Excessive decorations at the White House rile watchdogs every year on the lookout for wasteful government spending. The Obama administration caught some flack a couple of years ago when it upped its Christmas tree total to 54 when some families were still hurting from the economic recession. But newspapers weigh in on the topic every year and, according to the Baltimore Post-Examiner for one, the trees as well as all the decorations around the grounds are donated by groups and individuals through various Friends of the White House organizations.
“It’s the White House,” Patricia said. “Wouldn’t we want the absolute best for the White House? Of course we would. It was well deserved. It’s the people’s house.”
As for the history of it all, that wasn’t lost on Patricia.

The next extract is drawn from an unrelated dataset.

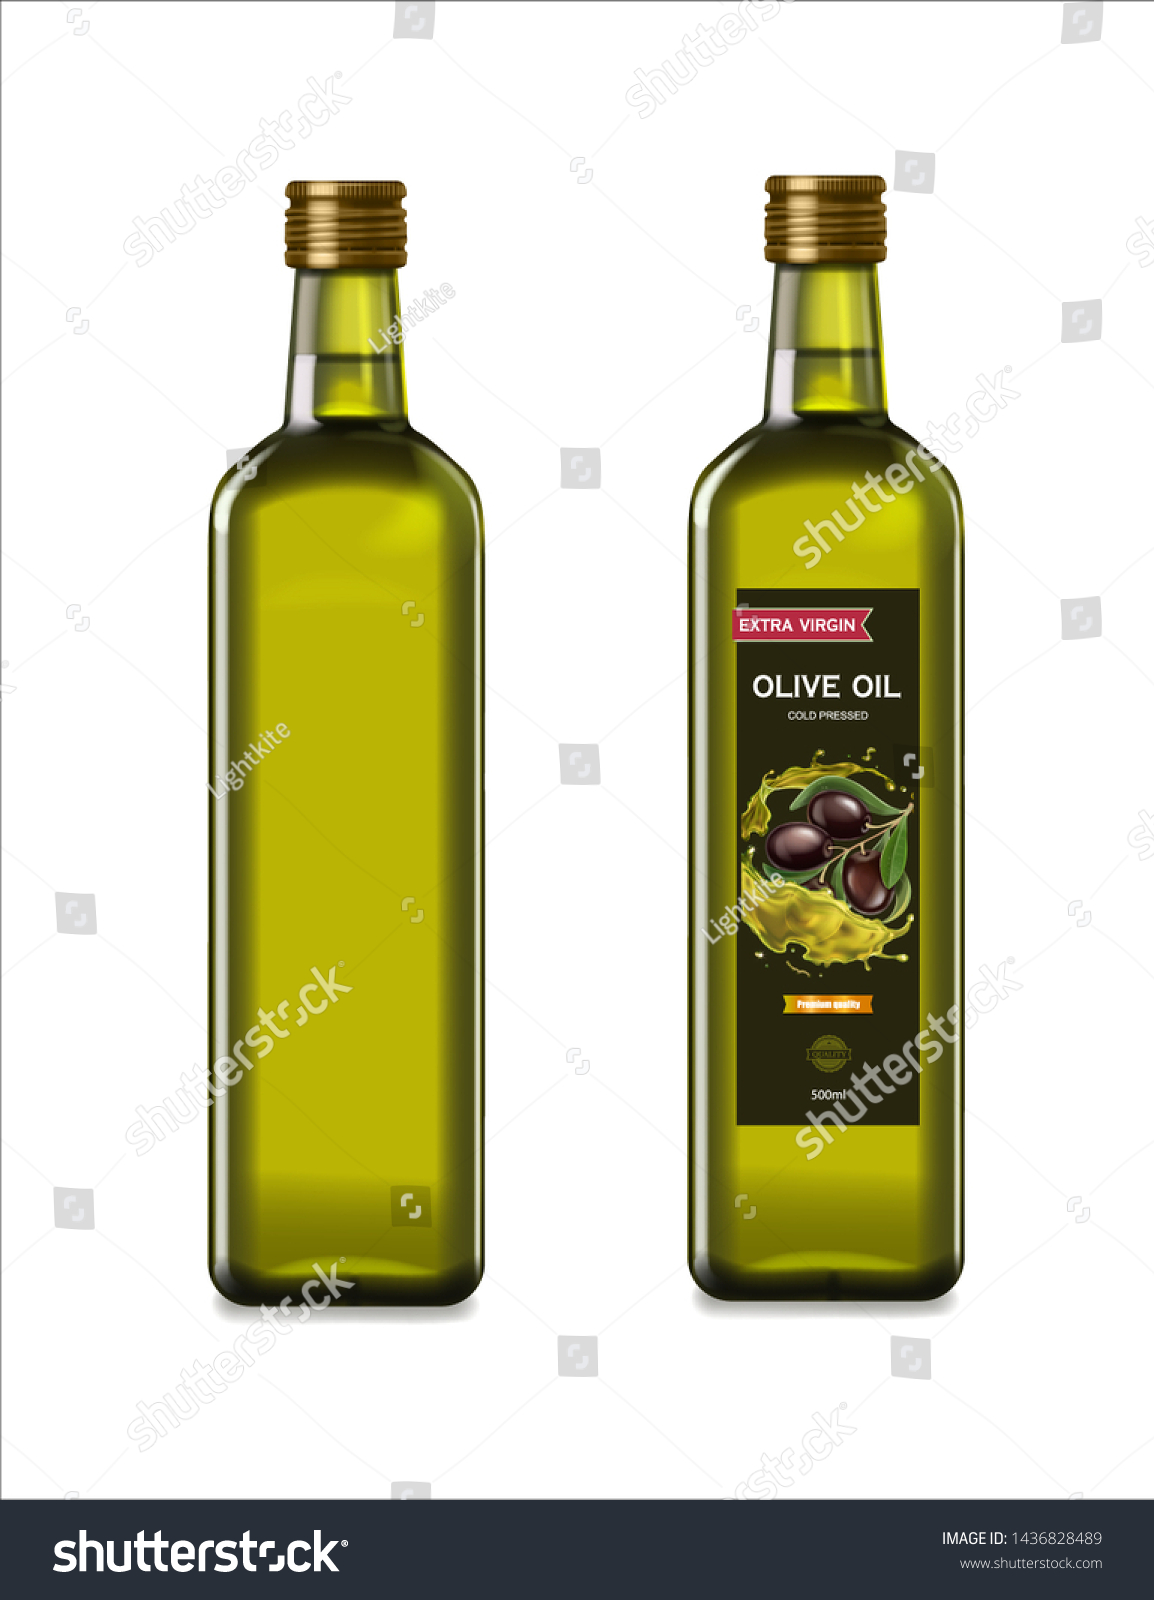 olive oil bottle vector
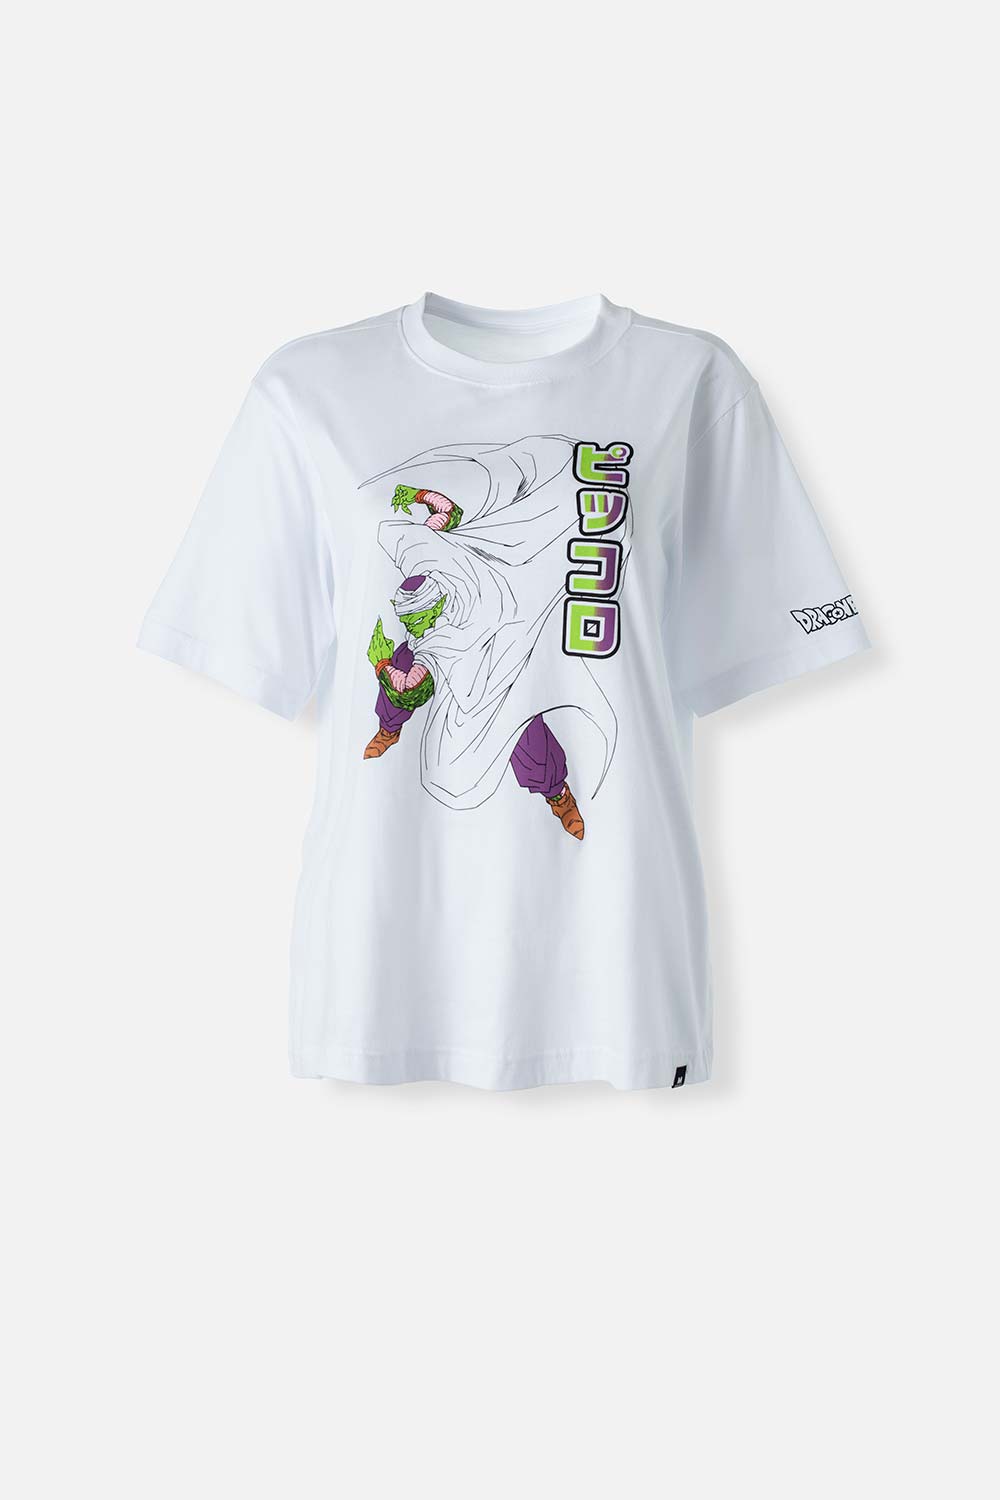 Camiseta de Dragon Ball Z manga corta blanca para mujer XS-0

She counts Harry Truman as one of the best presidents, Jimmy Carter as an underrated one considering his work after he left office and the civil rights and Vietnam eras as her favorite to teach.
But she took in the paintings of past presidents while in the White House and gawked at China from the Madison Administration. Often overlooked tidbits, the teacher added, were the facts that the original White House burned down in 1812 and President Truman pretty much gutted the place, so it had to be redone after he left office.
Patricia, who made the trip with her husband, Vietnam veteran David Birge, is a big supporter of Obama. A treat was delivering a hand-written note from her grandson to an aide, who said he’d pass the note to the commander in chief. Her grandson dreams of growing up like the president, even attending the same school Obama did, Punahou High School, on Oahu.
Another highlight was saying hello to first lady Michelle Obama, who circled back to smile at Patricia during the volunteer thank you reception at the end of the week after Patricia called out her name.
The food they served the volunteers during the reception wasn’t bad either: hams, oysters on the half shell, you name it.
“I was just blown away,” Patricia said of the whole experience, one that left her unsure if any other capital visit could top it. It was a total honor.”